President Barack Obama was cheered when he addressed the National Association for the Advancement of Colored People’s convention in New York.

President Barack Obama was cheered when he addressed the National Association for the Advancement of Colored People’s convention in New York.

“I understand there may be a temptation among some to think that discrimination is no longer a problem in 2009,” Obama said. “And I believe that overall, there probably has never been less discrimination in America than there is today. I think we can say that. But make no mistake: The pain of discrimination is still felt in America.”

Obama may be a bit optimistic about the level of racism in America, but eradicating that pain, eliminating that prejudice and discrimination, has been the task of the NAACP since its founding 100 years ago.

One hundred years later, the NAACP is no longer railing against voting rights abuses or helping to desegregate lunch counters or combat Jim Crow and lynchings. The NAACP, 55 years after Brown v. Board of Education, isn’t trying to make sure white kids and Black kids can attend the same schools.

So what is the NAACP doing?

New NAACP executive director Ben Jealous, while chosen to lead the organization because of his relative youth, was also chosen because he seems willing to go along with the decisions of that infernal NAACP board. He describes the NAACP as “a multiracial, multiethnic human rights organization.” That seems to live out the true meaning of “colored.”

But if Jealous is providing leadership, it is hard to see, since nothing seems to have trickled down to the individual NAACP “units.”

An organization’s strength is not realized in its leadership or in its board of directors.

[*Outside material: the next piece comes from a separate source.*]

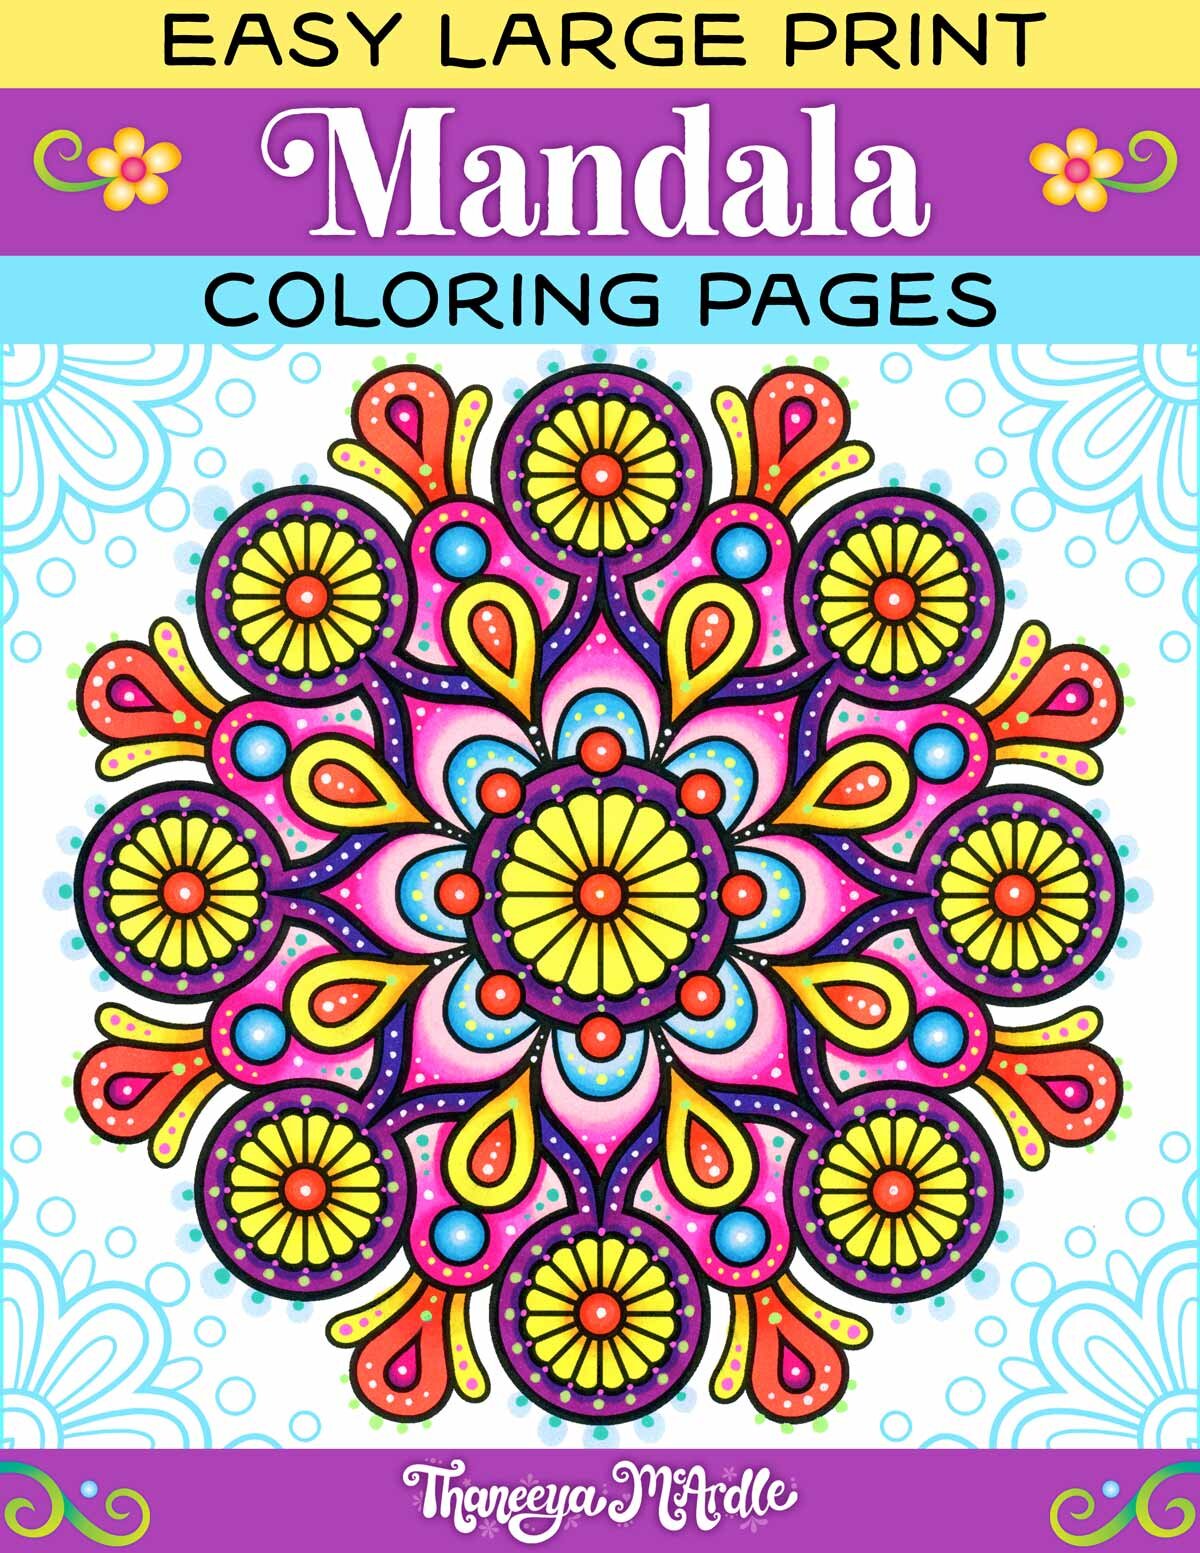 https://images.squarespace-cdn.com/content/v1/5608382ae4b017614f857528/1621027315878-IFY07YCHS3YRD0CMY71C/Easy-Mandala-Coloring-Pages-by-Thaneeya-McArdle-Cover.jpg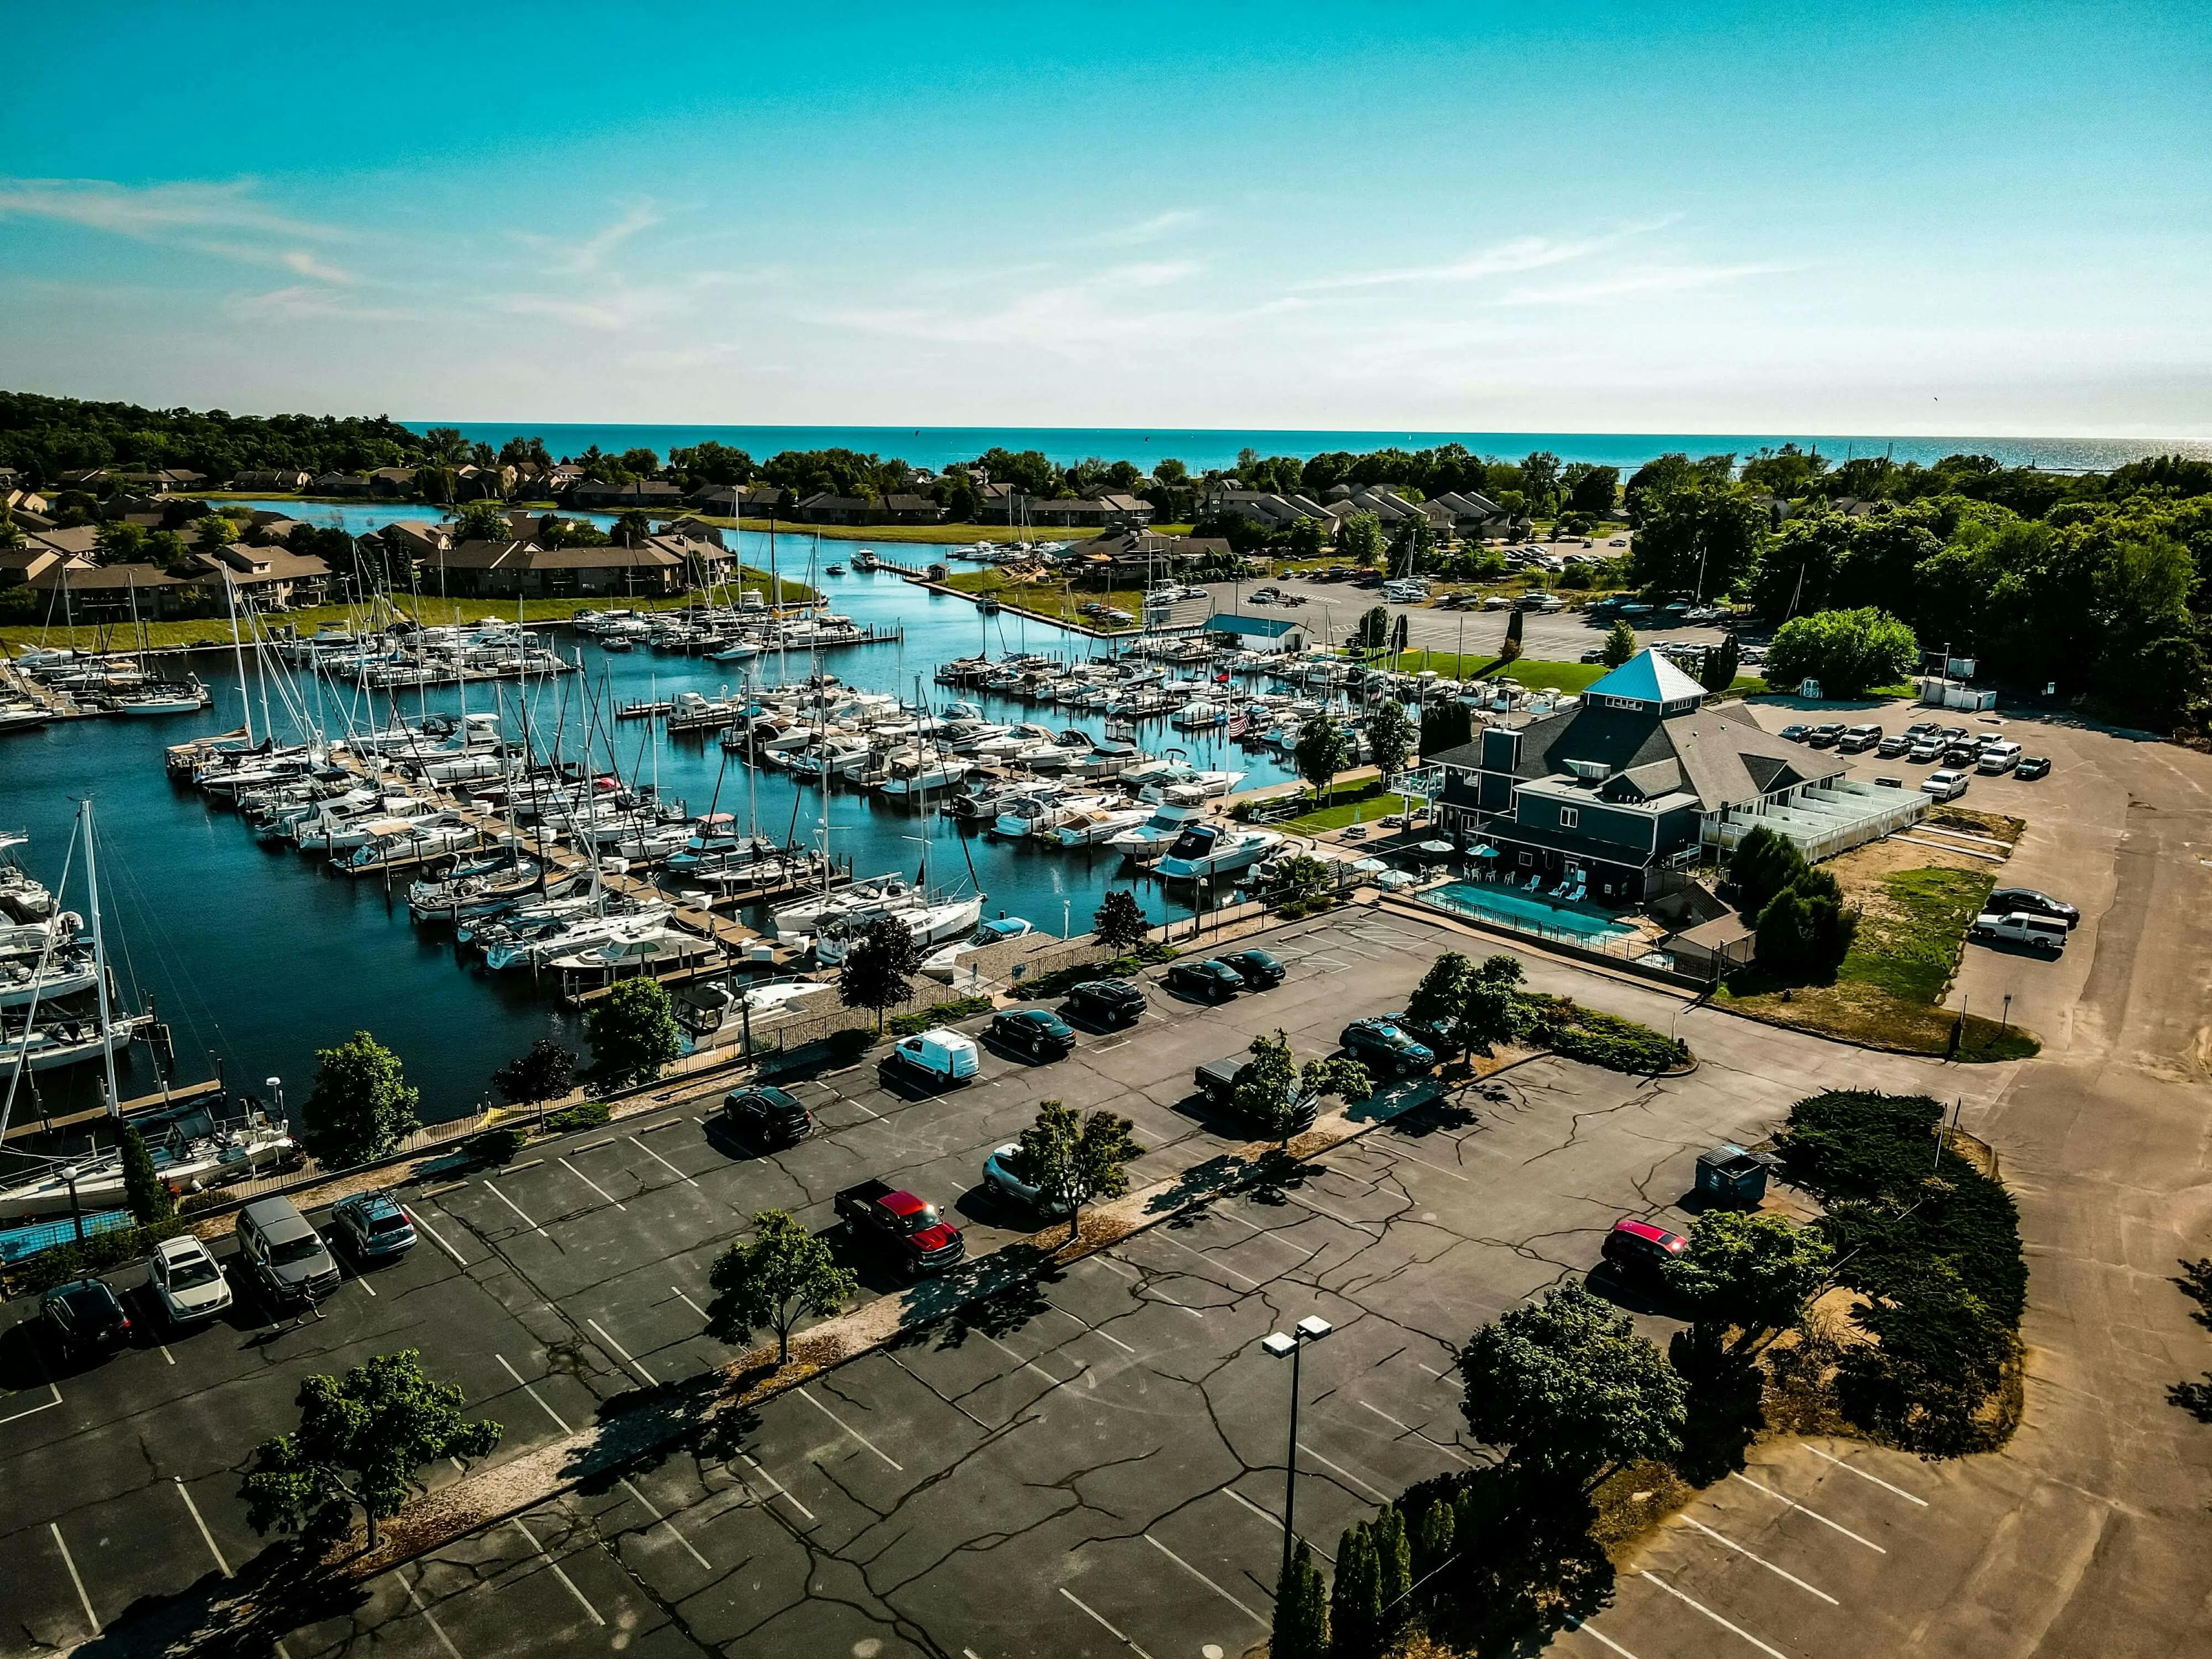 Aerial view of a marina with boats parked and a parking lot.

Instead the strength should be in the individual “units” and those willing workers who have always been the backbone of the organization.

Sadly, those NAACP workers are not energized, and, in some places, are non-existent.

If the NAACP is going to move forward, and is going to be relevant for another 100 years, something will have to give.

If the nation’s public schools are experiencing a 50 percent dropout rate for Black and other minority students, it could be argued that that is the battle line for the NAACP. If the achievement rate for the remaining students continues to lag far behind the achievement rates for non-minority students, there is the front line.